**DATA BLOCK**:
━━━━━━━━━━━━━━━━━━━━

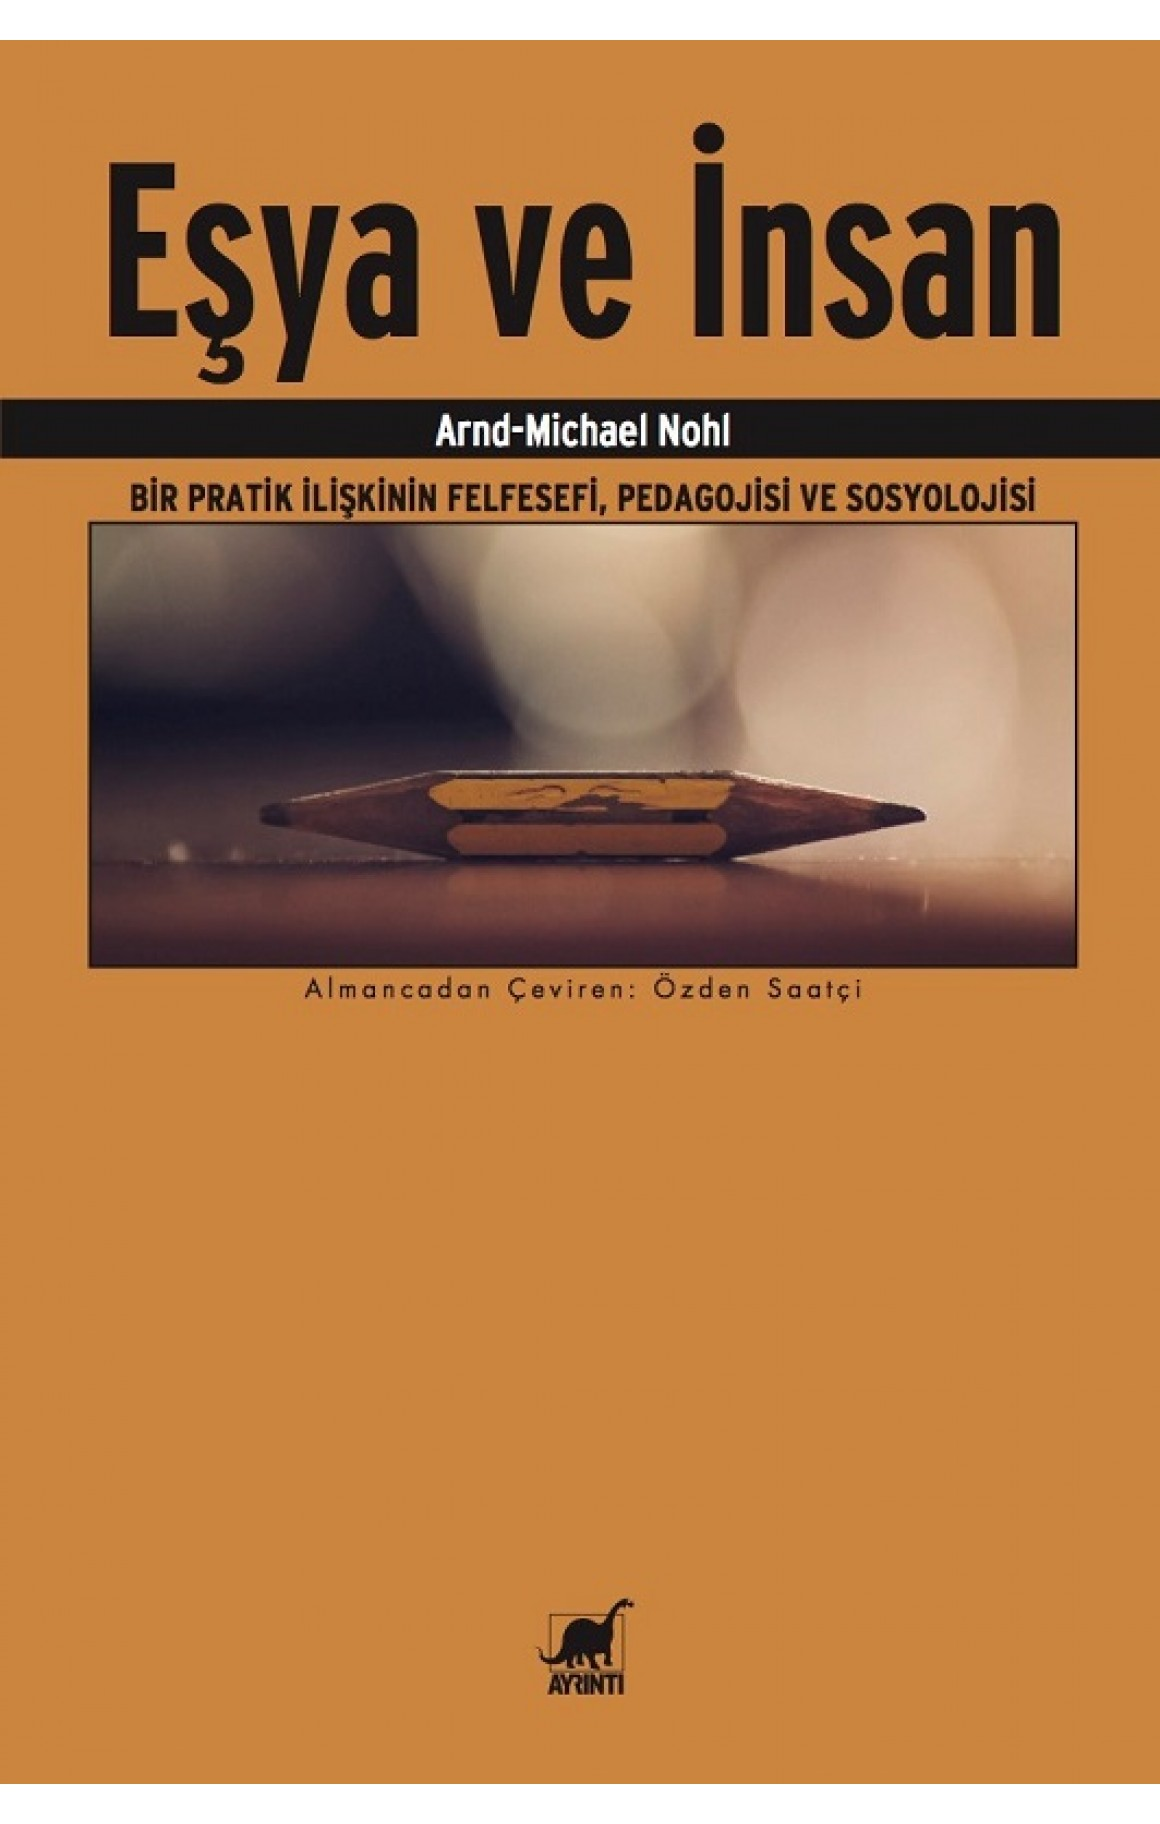 Eşya ve İnsan-Bir Pratik İlişkinin Felsefesi,Pedagojisi ve Sosyolojisi
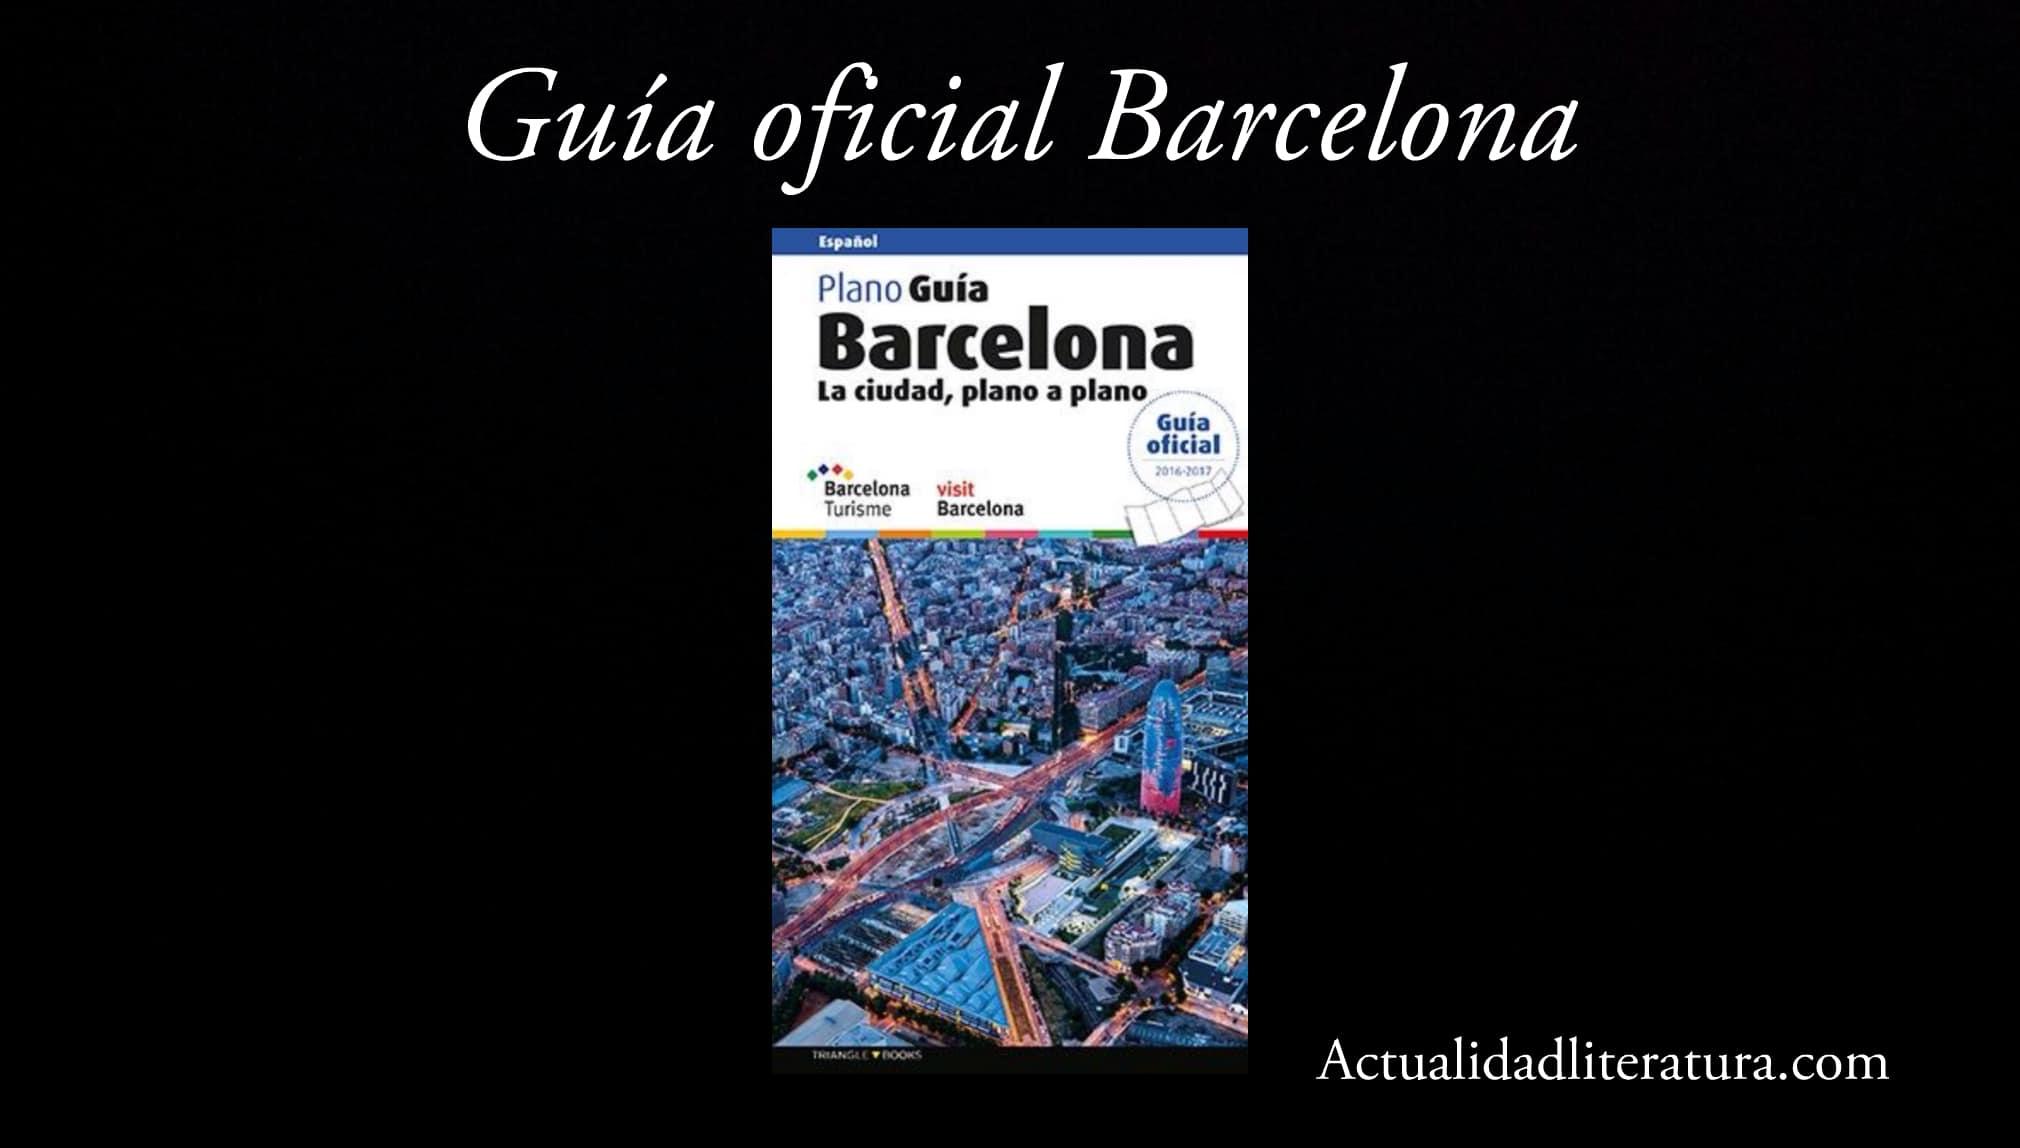 Guía oficial de Barcelona.
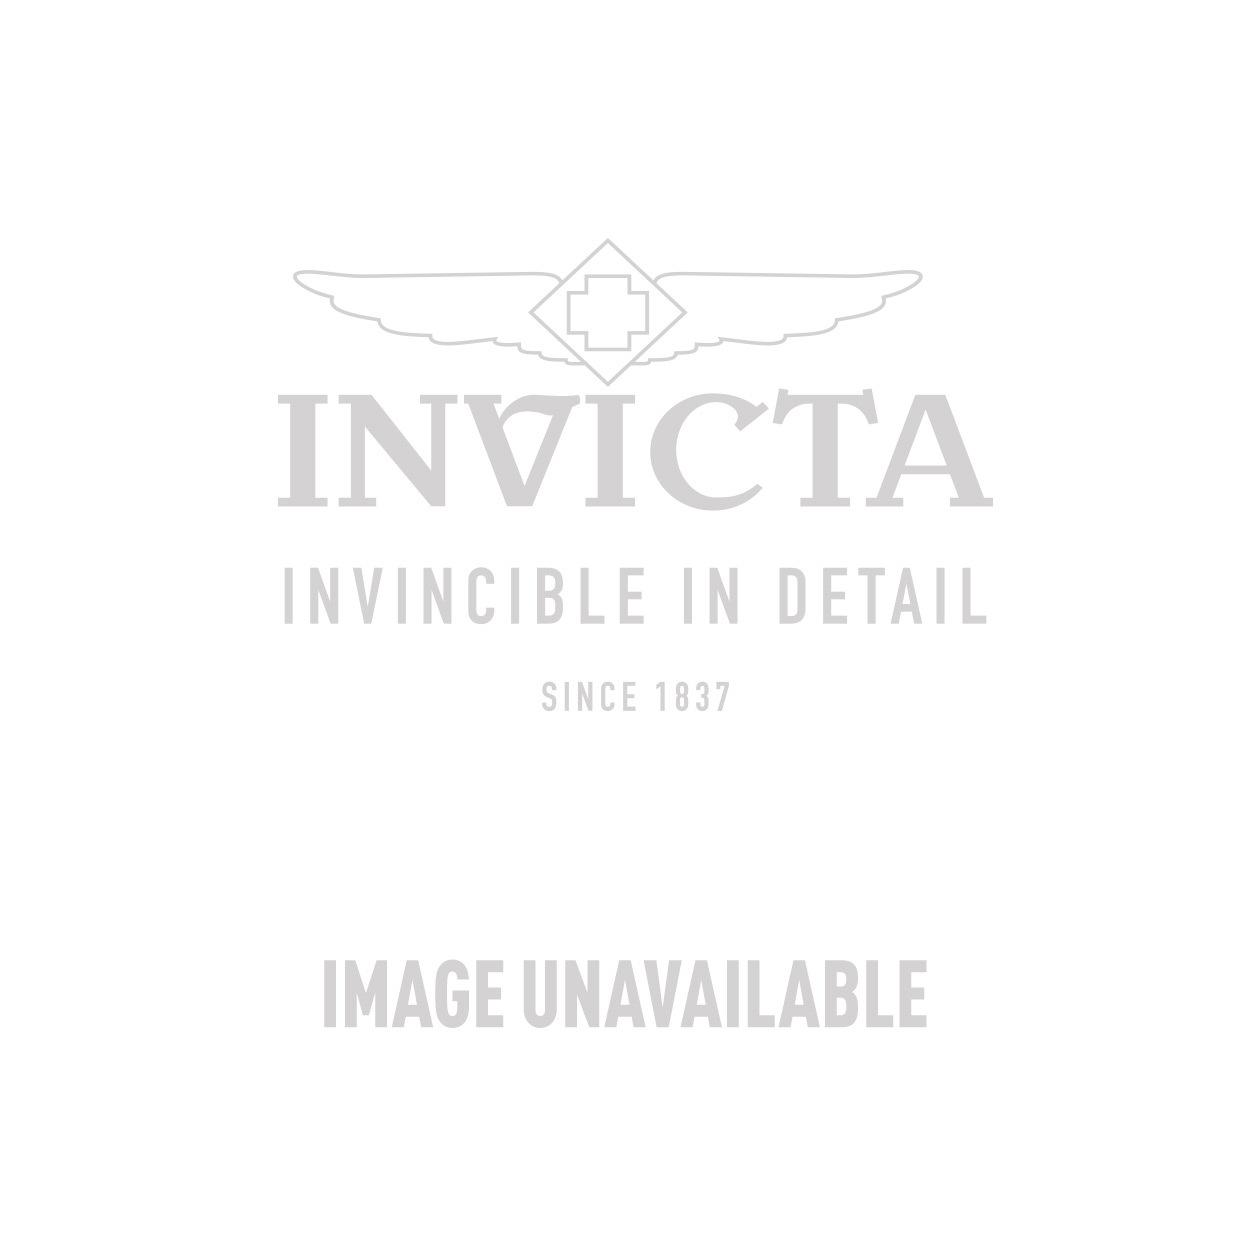 Invicta Model 27702

━━━━━━━━━━━━━━━━━━━━

The response must restate each line of the material above exactly and contain no images.

**YOUR SOLUTION**:
 Eşya ve İnsan-Bir Pratik İlişkinin Felsefesi,Pedagojisi ve Sosyolojisi
 Guía oficial de Barcelona.
 Invicta Model 27702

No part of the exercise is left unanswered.